Record set:
::::
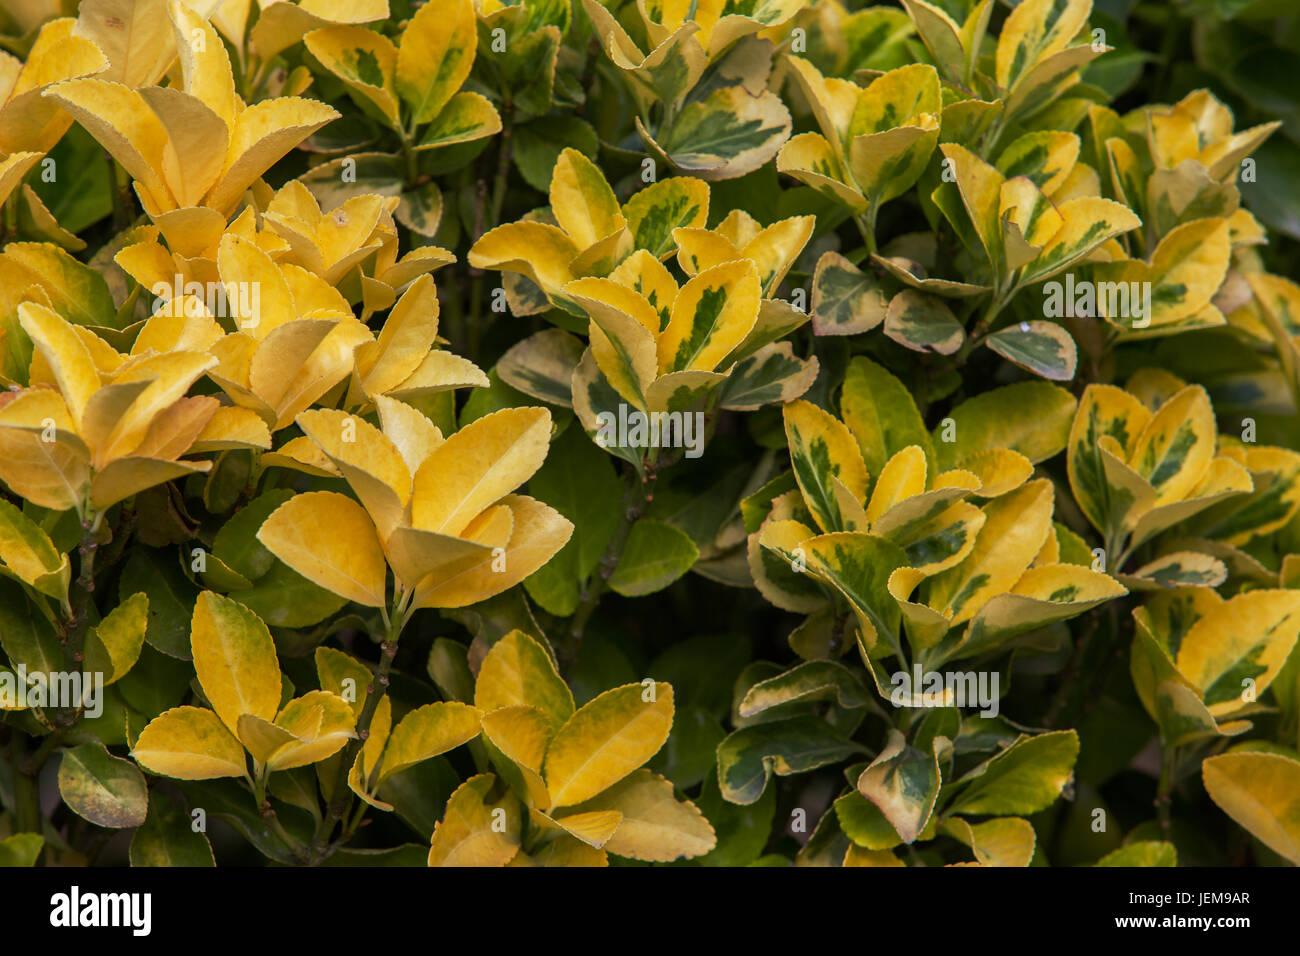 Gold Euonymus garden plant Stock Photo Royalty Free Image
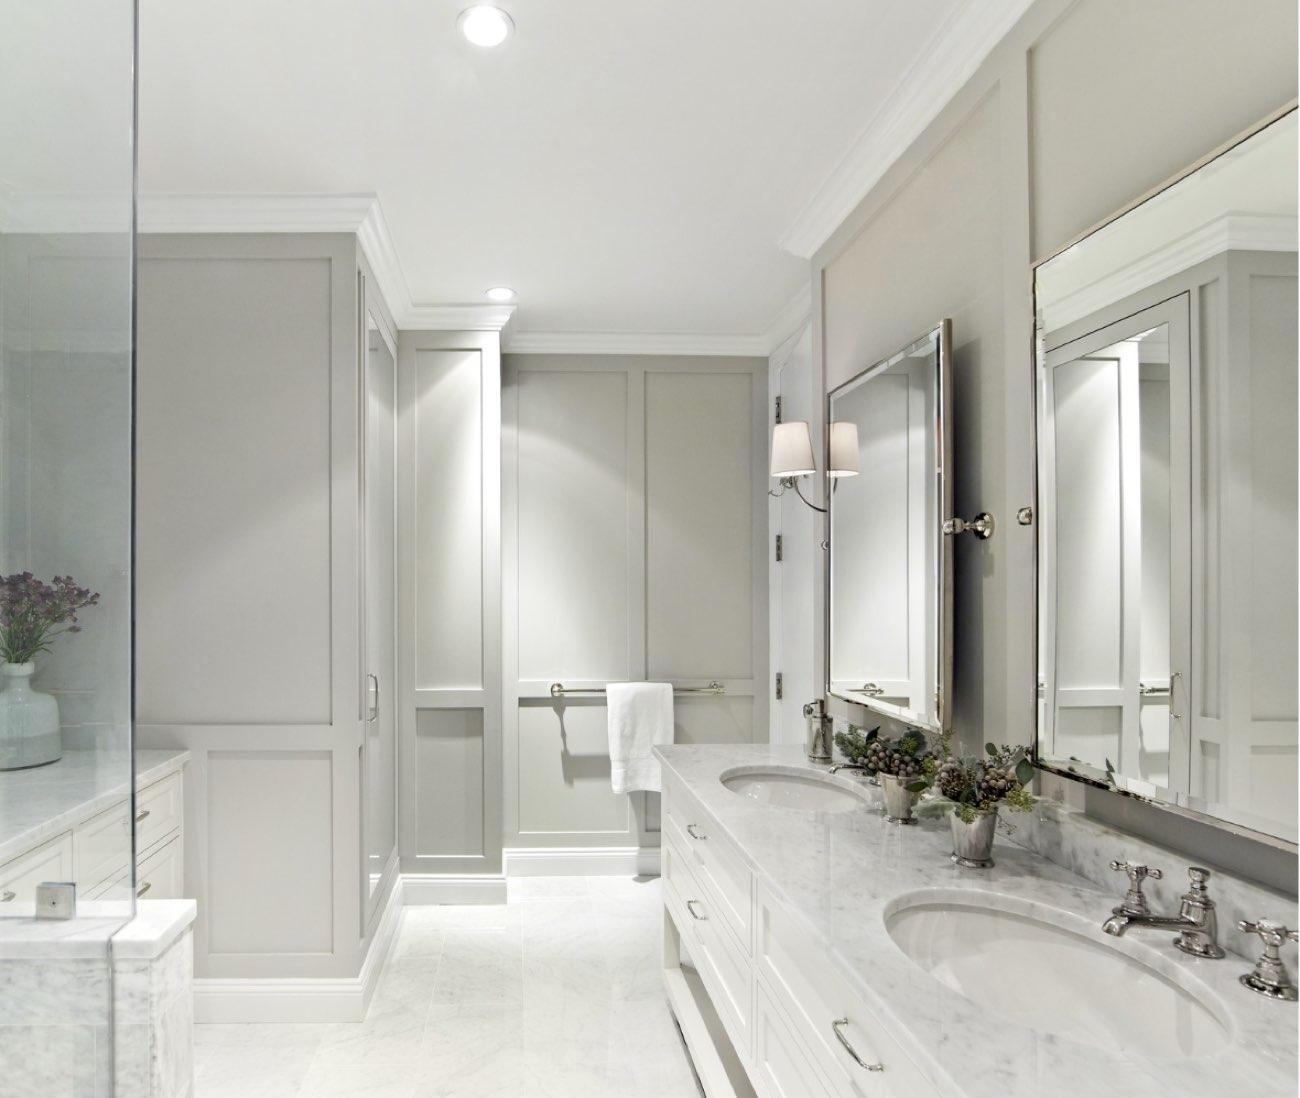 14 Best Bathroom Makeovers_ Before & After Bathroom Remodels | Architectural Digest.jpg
::::
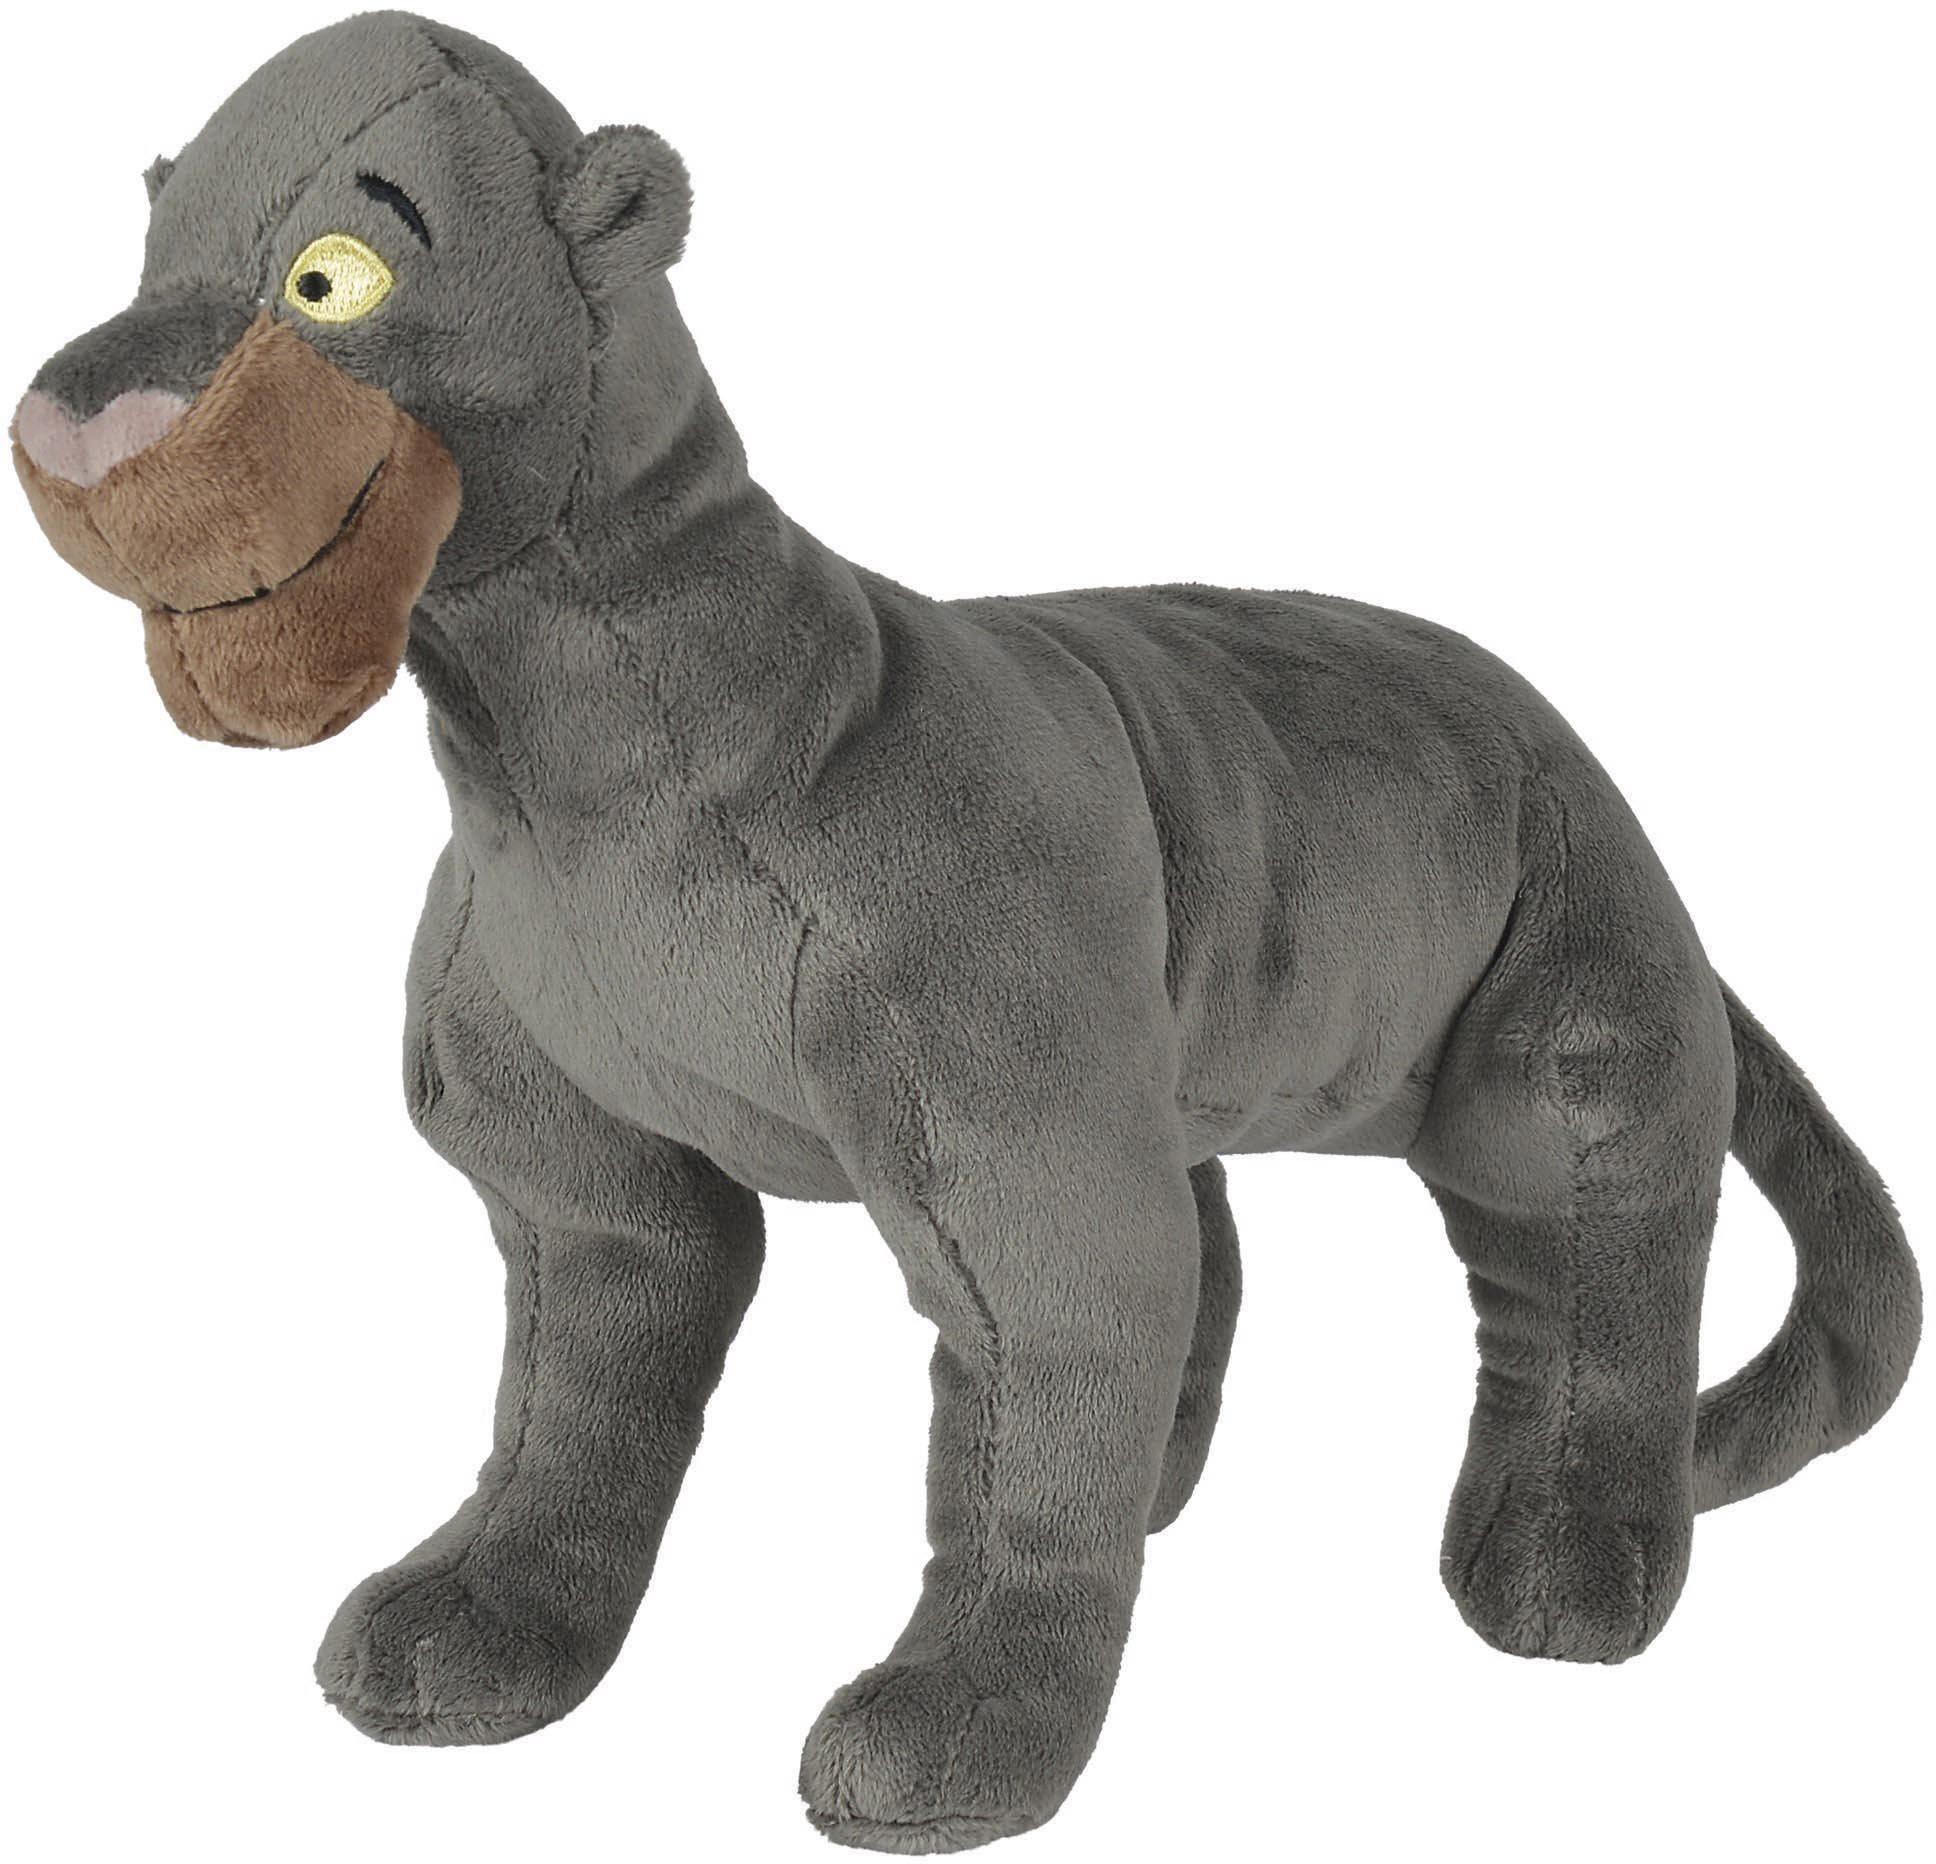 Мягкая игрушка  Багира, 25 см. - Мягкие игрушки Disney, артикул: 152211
::::
Using the data above, return the lines from the one holding "Gold Euonymus garden" through the one holding "14 Best Bathroom" exactly, but not the pictures.

 Gold Euonymus garden plant Stock Photo Royalty Free Image
 14 Best Bathroom Makeovers_ Before & After Bathroom Remodels | Architectural Digest.jpg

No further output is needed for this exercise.